И опять Леда кругом виновата вышла. Какие уж тут щи! Девушка развернулась и хотела выскочить из покоев, в светелке своей укрыться, обо всем случившемся поразмыслить, а то поплакать в подушку. Годар удержал, приобнял за плечо, едва ли не силой завел обратно.

— Не шуми, сестра, расскажи толком, что у вас стряслось.

А когда узнал из-за чего весь сыр-бор, только головой покачал. Арлета же бушевала вовсю:

— Сожгу в печи подарунки лесные! Чую присуха на них, девка вон мается, с лица сошла. У-у! Ведьмин выкормыш! Попадись мне только, так бы и огрела кочергой по звериной морде.

— Будет, будет! Садитесь за стол! Поутру навещу Михея, давно не видались. За племянницу его еще не благодарил, да и так есть о чем потолковать.

Леда тут возьми да брякни не к месту:

— Я бы тоже пошла…

Годар глянул так, что чуть не приросла к полу. И Арлета руками всплеснула:

— Вот же бесстыдница! Дома ей не сидится! Смотри, Радсей, какова невестушка у тебя! Нужна ли такая…
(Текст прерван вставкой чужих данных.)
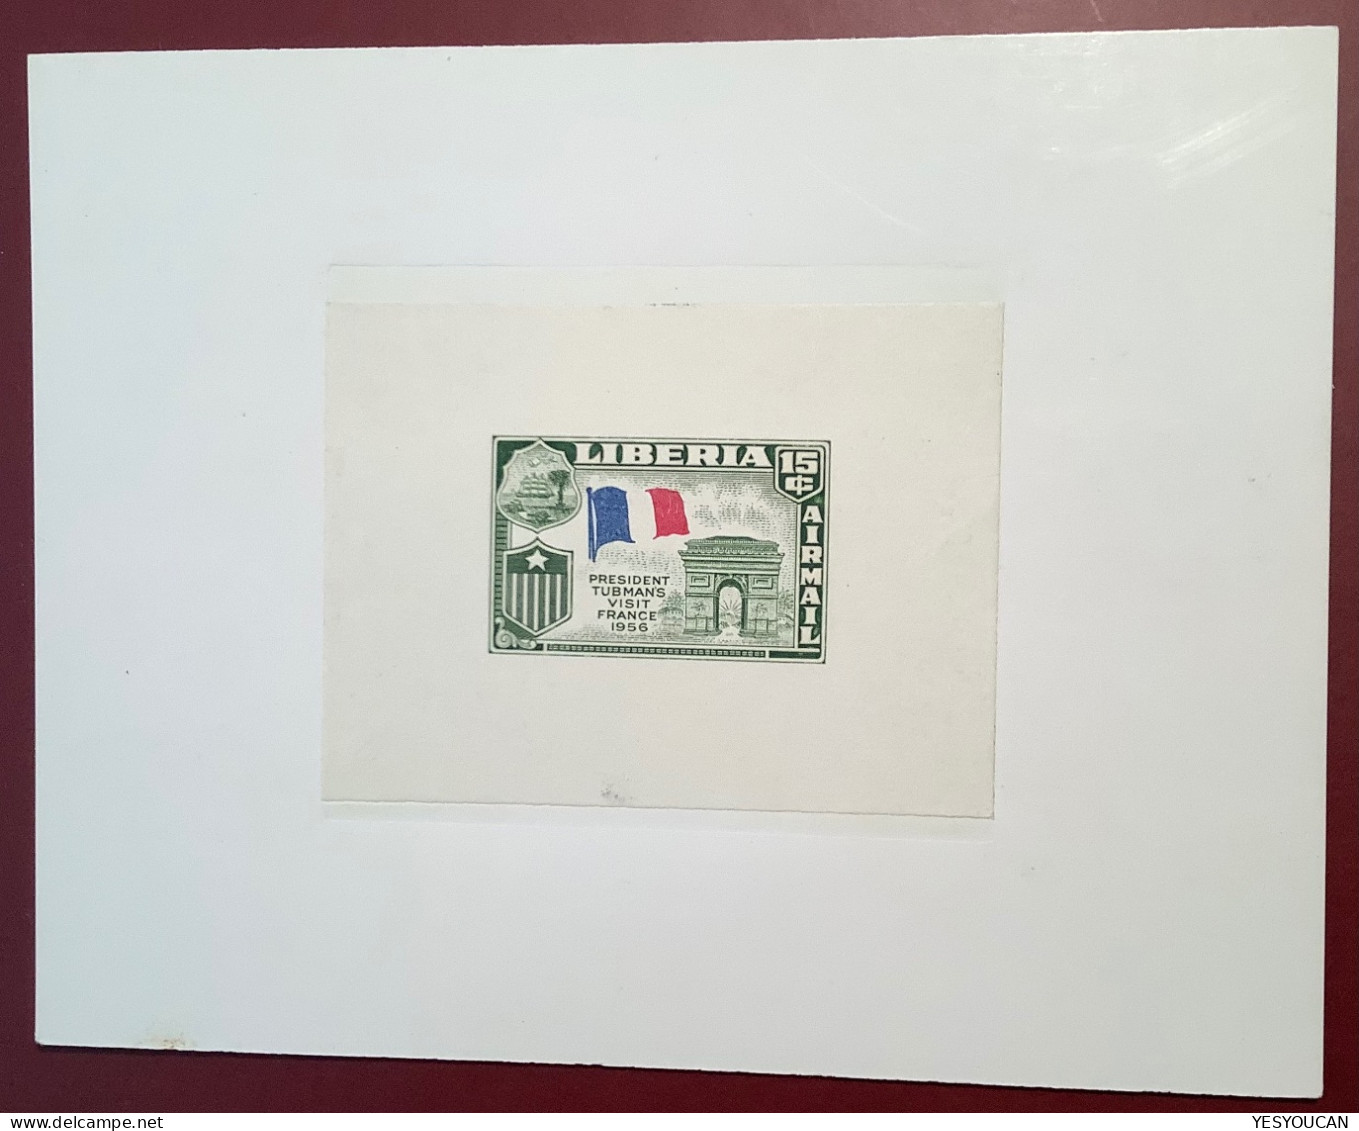 Liberia1958 Die Proof President Tubman’s Visit France1956 (architecture Arc De Triomphe Paris Flag Drapeau Napoléon - Liberia

Парень Радунюшку рядом с собой усадил, спасая от материна гнева, а Арлете ответил, даже на Леду не посмотрев:

— Может, ты и права сестрица, и зачем мне теперь жена… Хлопоты одни с вами…

Обедали молча, едва ложки двигались, кусок в горло не лез. Каждый о своем думал. Кое-как до ночи день протянулся, пустая волокита. А на завтра спозаранку суета началась. Радуня в тереме взаперти сидела, заняла мать шитьем, Князь в лес по росе ушел, не иначе к Медведю, а Радсей взялся ладью красить. Давно была готова для него резная лодочка, в дальний путь отправляться. Сам строгать помогал, сам вырезал причудливые узоры по бокам, теперь вот раздобыл краску — заливал впадинки — выбоинки, правил рисунок.
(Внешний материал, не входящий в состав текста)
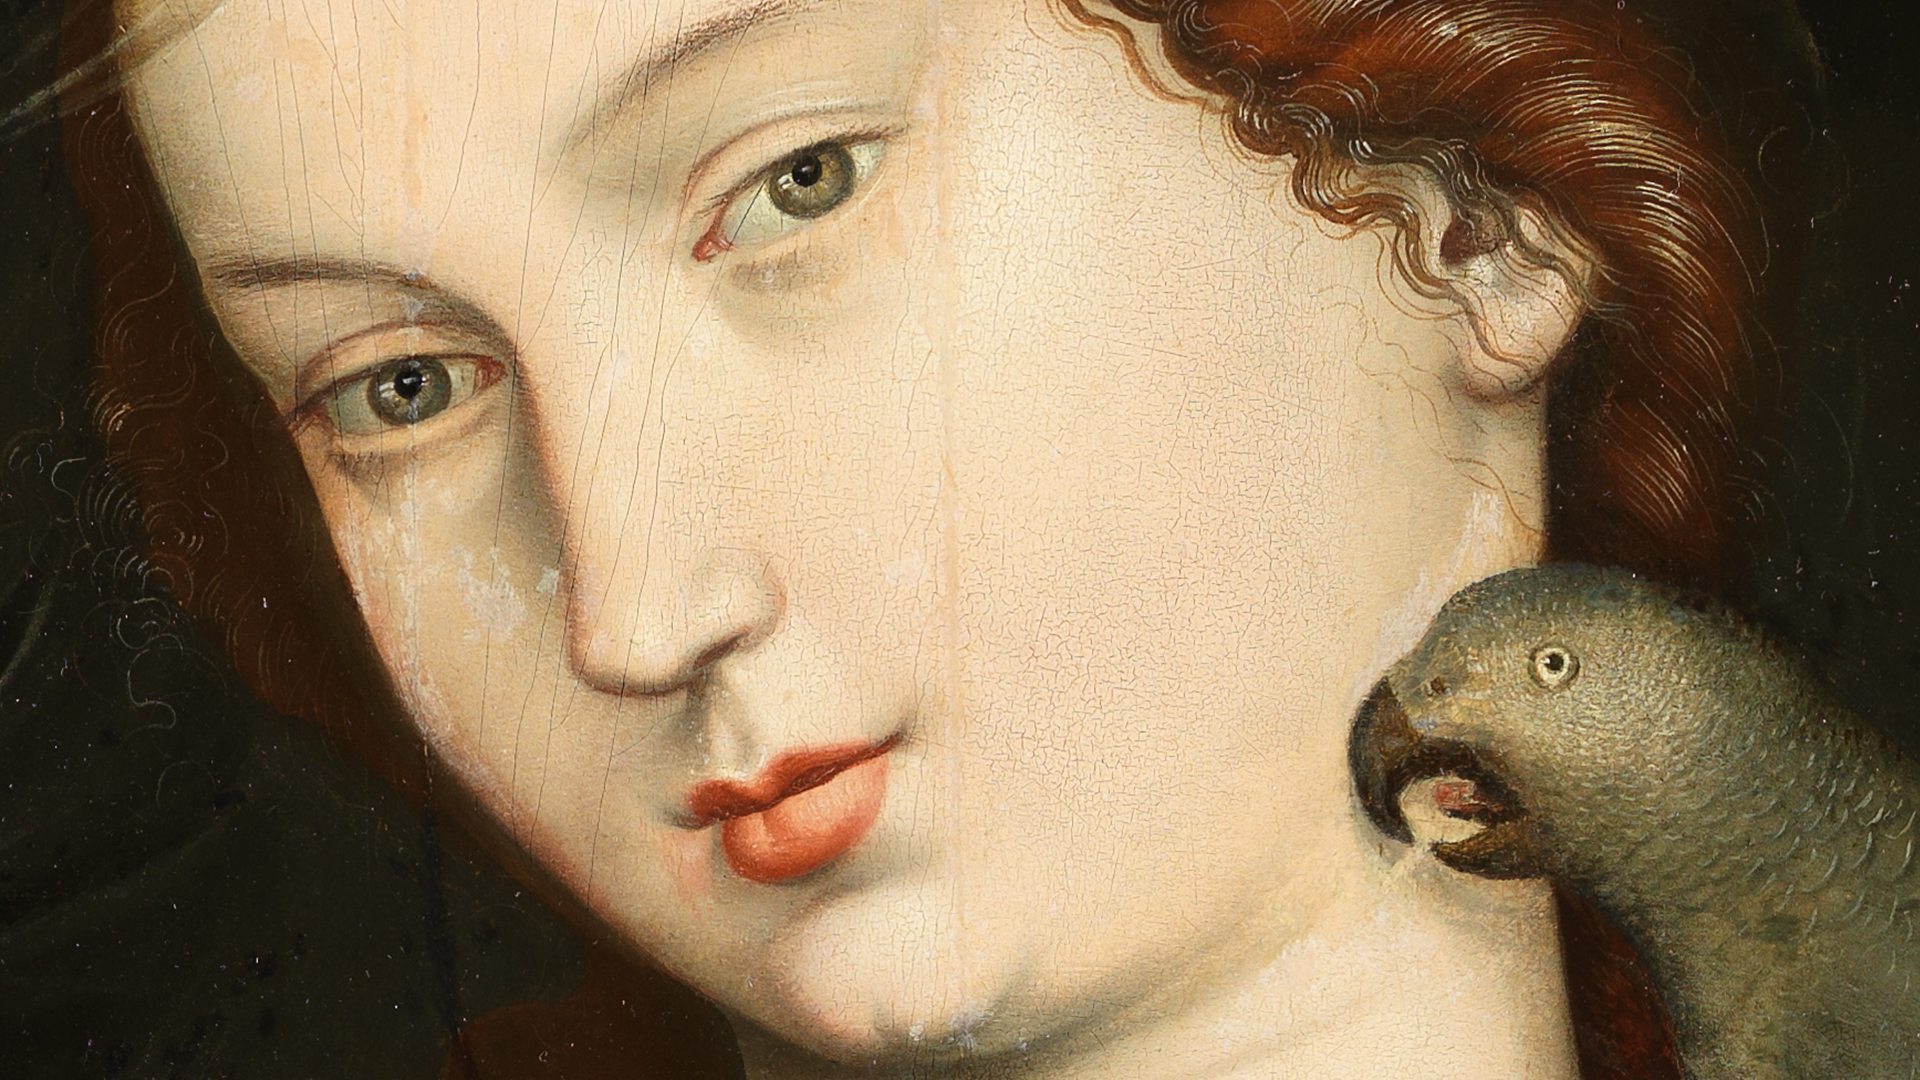 Detail der Augenpartie Marias aus Hans Baldung Griens Gemälde Maria mit Kind und Papageien. Die Frau hat rote Haare und stark rote Lippen. Rechts neben ihr ist ein Papagei.

Леда на то смотреть не могла. Пошла навестить Теку, а там иная забота. Собирала женщина свои немудрящие пожитки в короб да заплечную суму. Осталось лишь на телегу добришко бросить, да в Барсучье отправляться.

— И ведь даже проводить не додумался! — возмущалась Леда, но Тека только кротко улыбалась:

— Зачем бы ему…

— Так тебе ведь горько так уезжать!

— И ничего не горько, не на пепелище ведь еду-то, а к сиротам малым.

Женщина вдруг глаза зажмурила, покатились по лицу крупные слезы:

— Может… может, маменькой меня после звать станут. Князь говорил, мальчонка-то в зыбке еще, а девочки — погодки уже взросленькие, помогать пытались, да куда уж там. Без бабы в дому плохо, каждый знает про то. А девчушкам каково? Косыньки заплести некому, приласкать-приголубить, сказочку на ночь сказать. Вот и я пригожусь.

— Каков еще там хозяин, — насторожилась Леда, — отчего жена его раньше срока преставилась, разобраться бы надо по уму.

Тека сразу же зашептала, прикрыв рот узкой ладонью:

— Догадалась я, что у них стряслось. В баню за полночь, верно, пошла мыться, вот Банница и защекотала дуреху. Такое уж бывало не раз!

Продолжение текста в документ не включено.